Required action – Exclude the pictures, and otherwise reproduce the data in full.

Data segment –
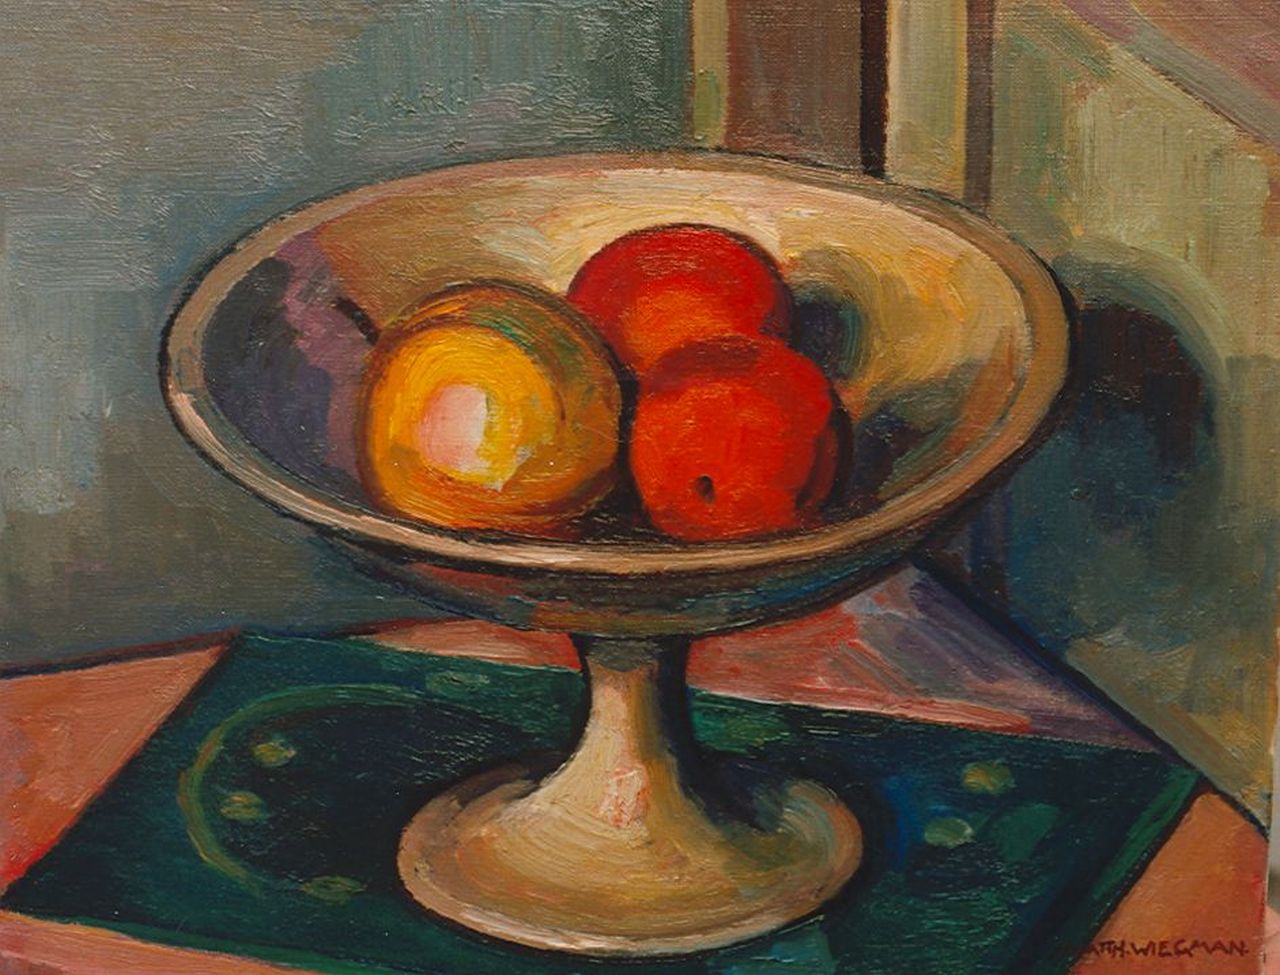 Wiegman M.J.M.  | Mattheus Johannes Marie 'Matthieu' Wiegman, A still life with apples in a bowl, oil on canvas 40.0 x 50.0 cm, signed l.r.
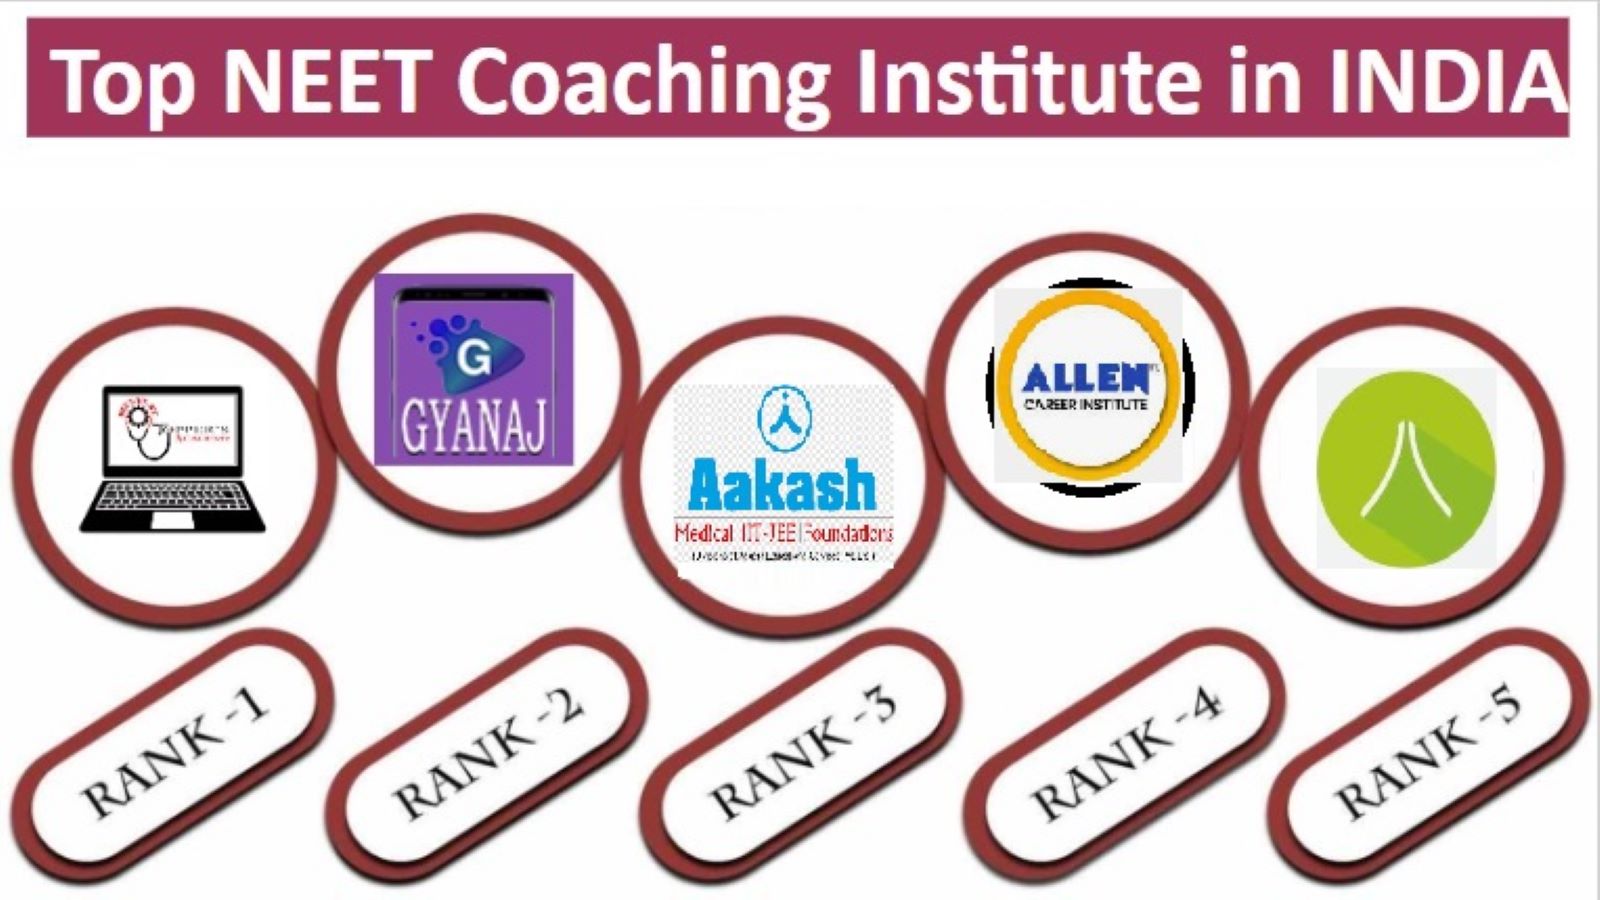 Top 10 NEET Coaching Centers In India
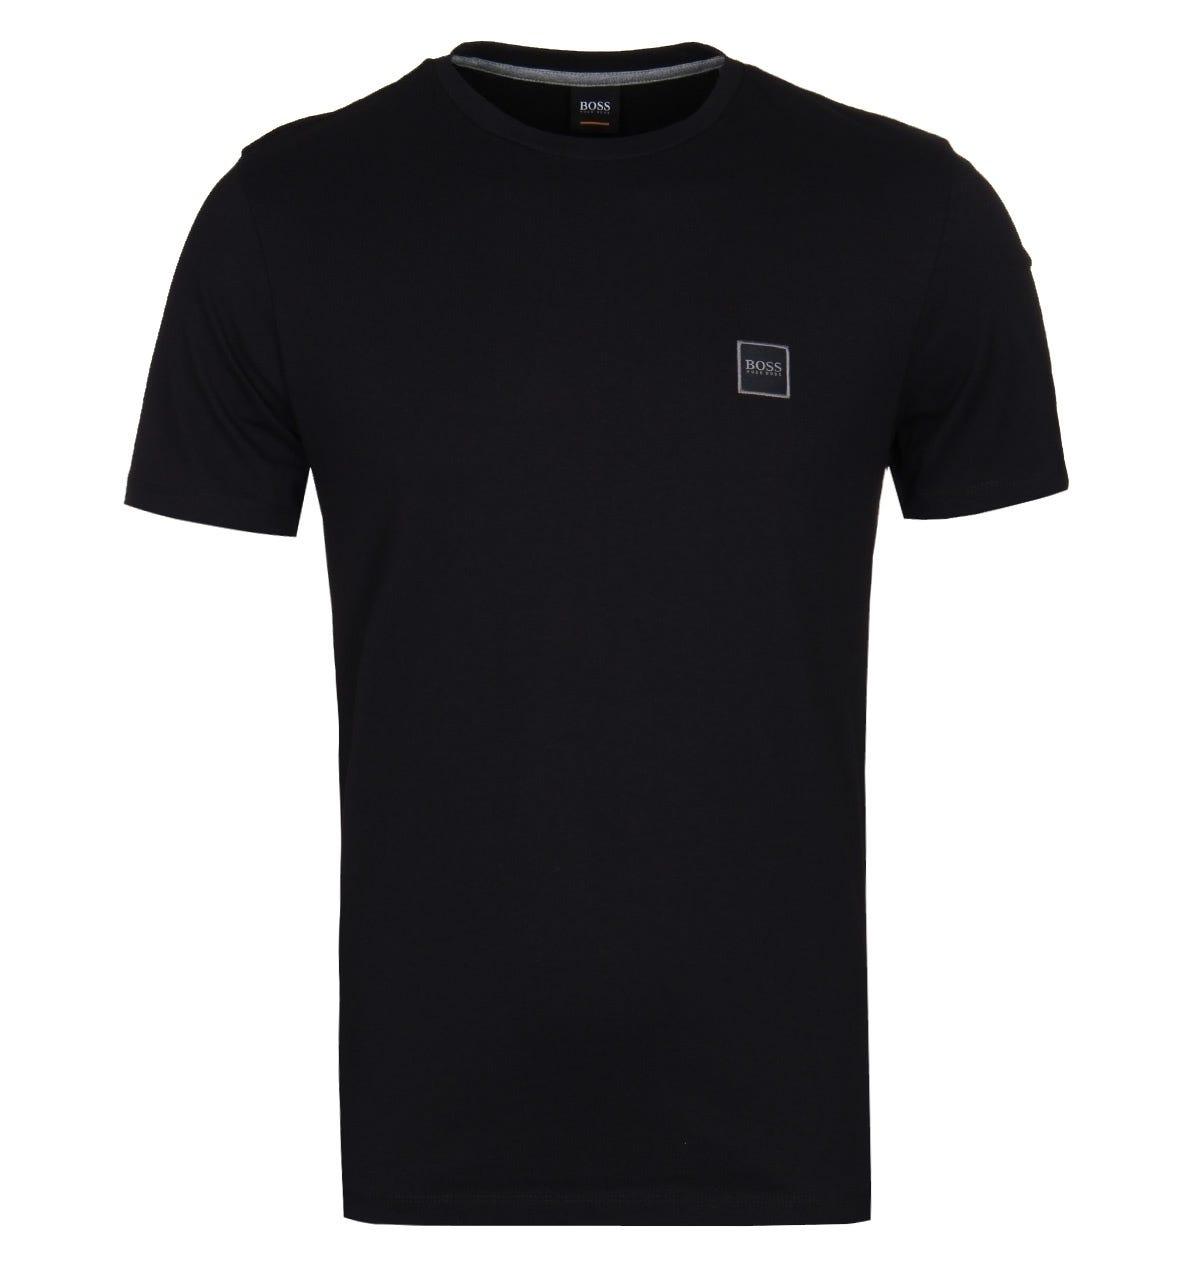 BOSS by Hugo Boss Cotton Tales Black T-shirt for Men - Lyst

Answer area –
 Wiegman M.J.M.  | Mattheus Johannes Marie 'Matthieu' Wiegman, A still life with apples in a bowl, oil on canvas 40.0 x 50.0 cm, signed l.r.
 Top 10 NEET Coaching Centers In India
 BOSS by Hugo Boss Cotton Tales Black T-shirt for Men - Lyst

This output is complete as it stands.